A novel method characterizing the air backflow of the underhood in order to improve the thermal efficiency of the air conditioning system (ACS) and reduce the energy consumption of PHEV is proposed in this paper. In addition, a 1D model for analyzing air backflow occurring in the underhood is established and a CFD method for calculating air backflow rate and distribution is proposed. It is found that the decrease in the air backflow rate of the underhood helps to improve the refrigeration capacity of the ACS, and when the backflow ratio cannot be reduced below 10%, the air backflow should be distributed as evenly as possible at the front end of the condenser. Moreover, in order to eliminate the impact of backflow on the underhood of PHEV, the gap between the radiator and the bracket is sealed and the gap around the air guide is reduced.
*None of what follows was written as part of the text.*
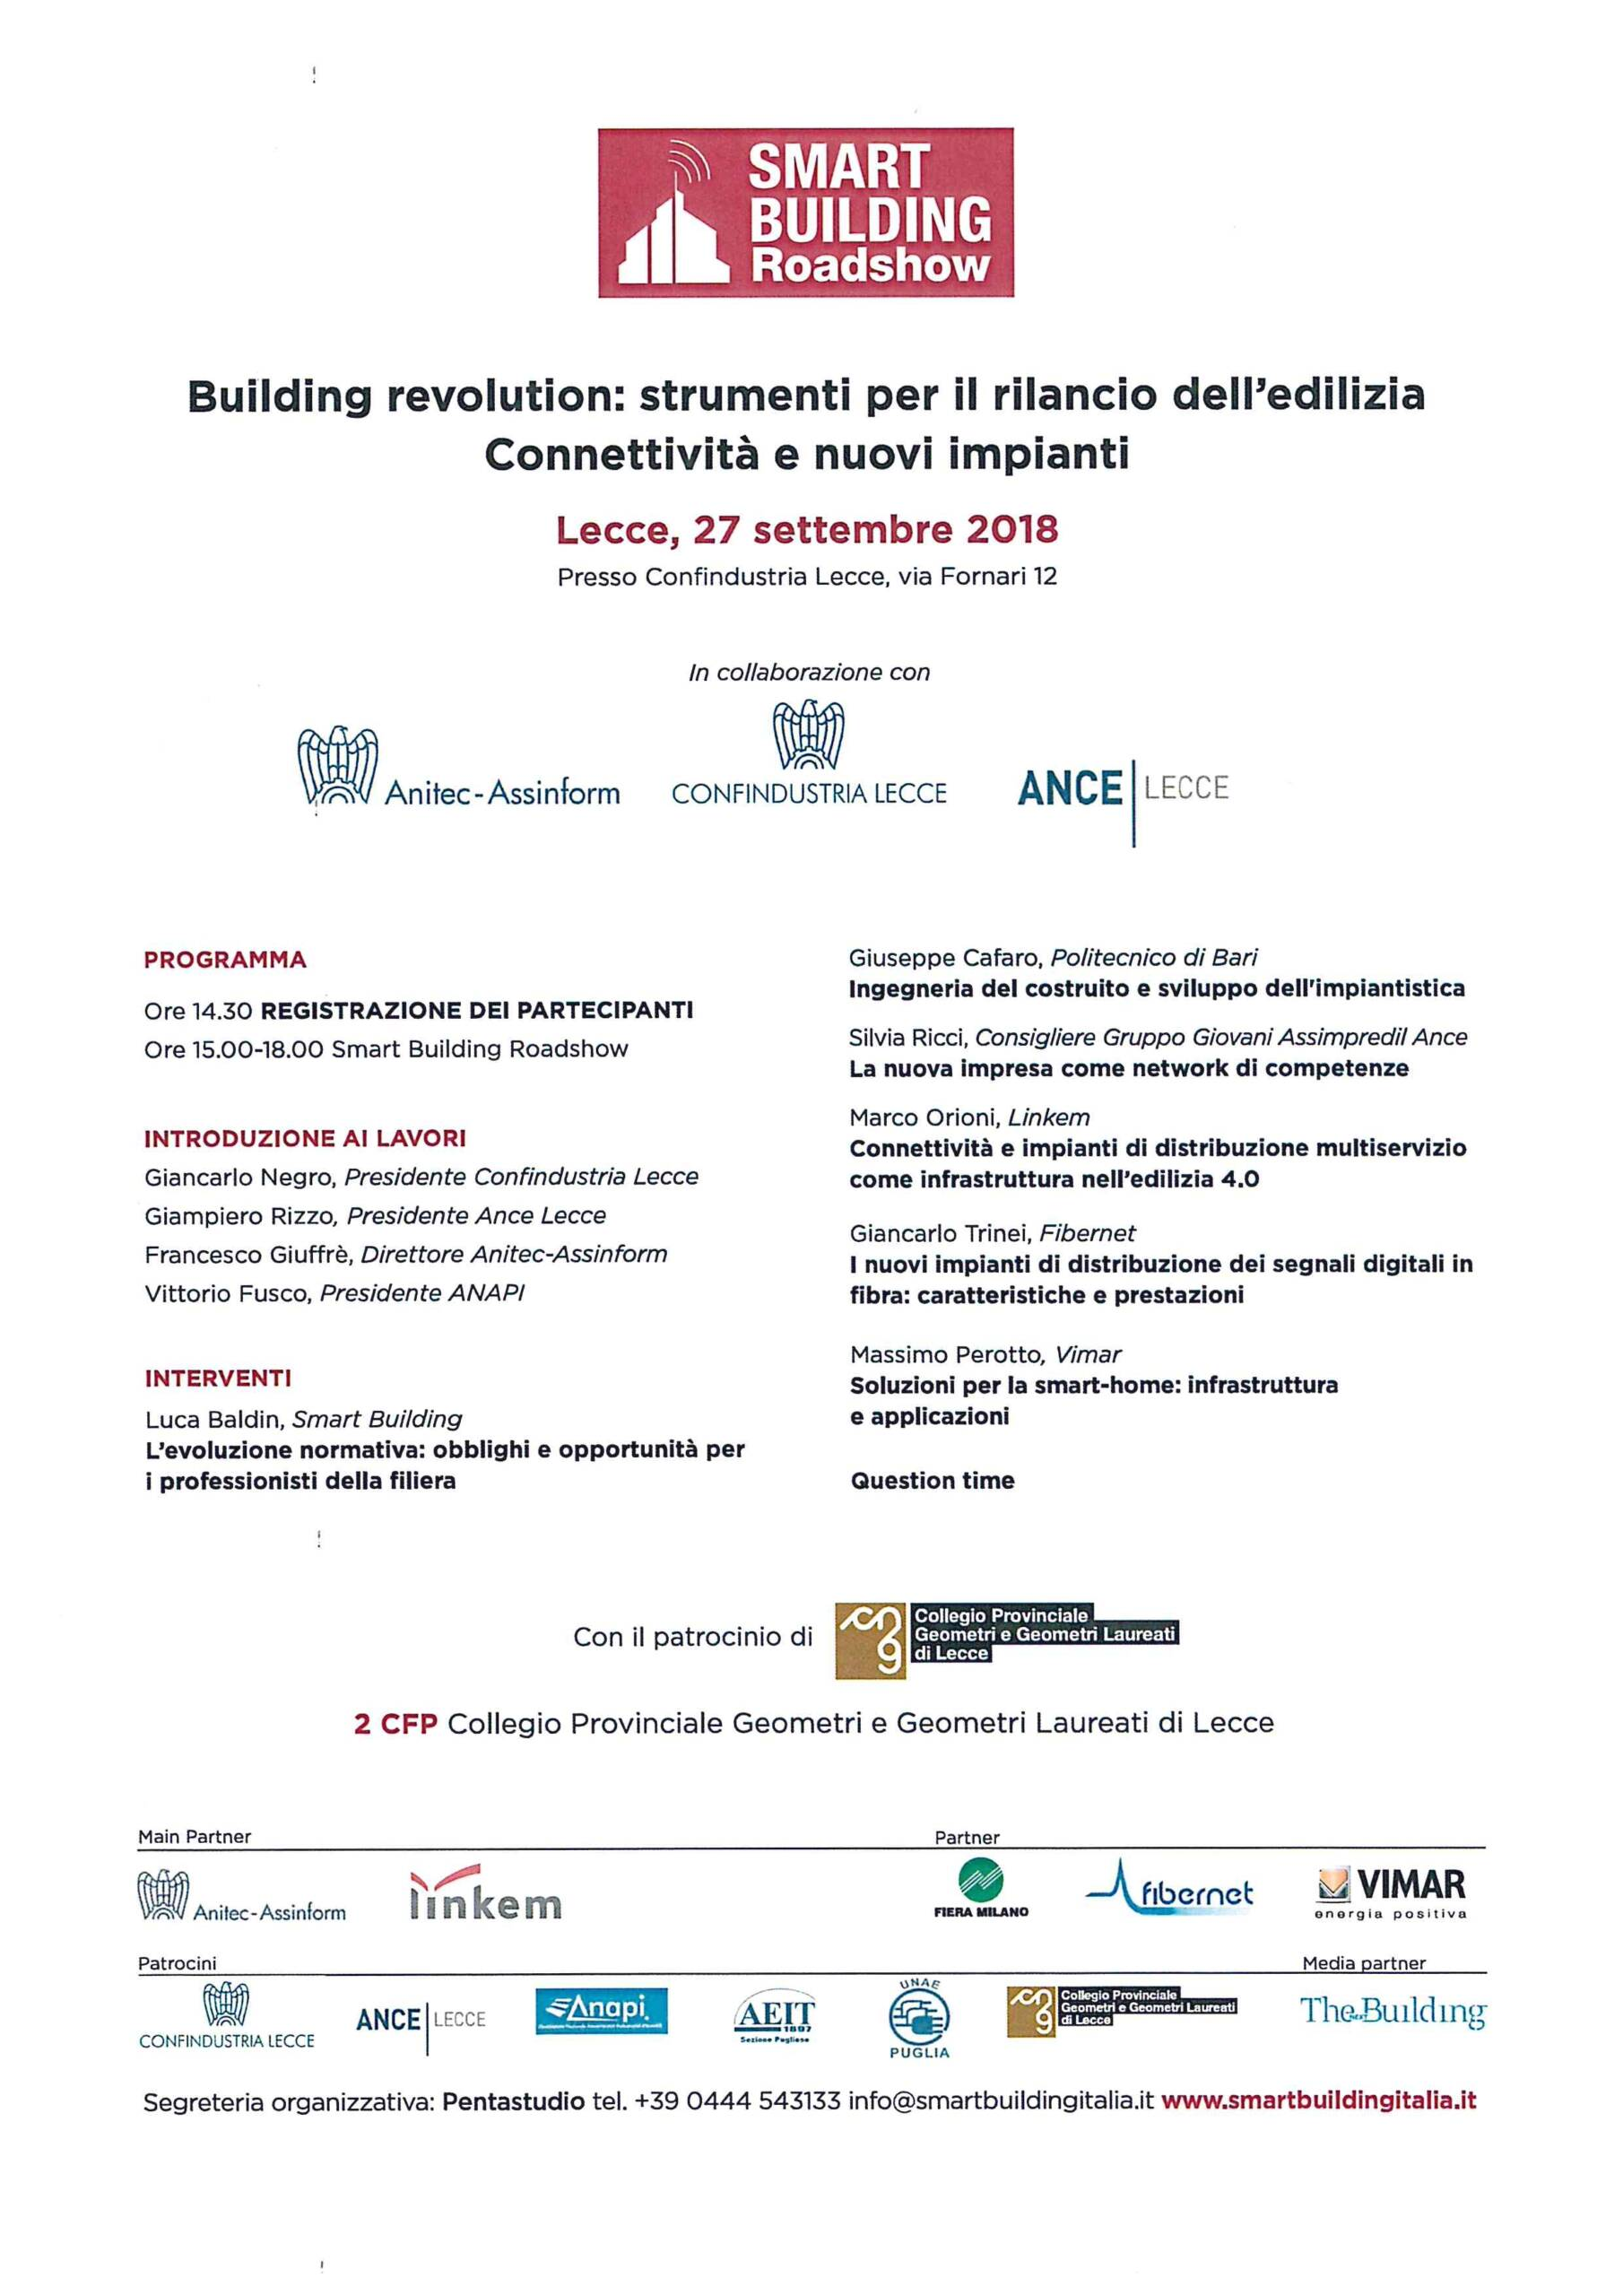 Evento SMART BUILDING Roadshow – Lecce 27/09/2018

Compared with the original structure, the backflow rate of the optimized structure is reduced from 32.7% to 9.3% and the cabin temperature can be reduced by 3–5 °C.

Suggested Citation

  • Haibo Wu & Xingwang Tang & Sichuan Xu & Jiangbin Zhou, 2022. "Research on Energy Saving of PHEV Air Conditioning System Based on Reducing Air Backflow in Underhood," Energies, MDPI, vol. 15(9), pages 1-15, April.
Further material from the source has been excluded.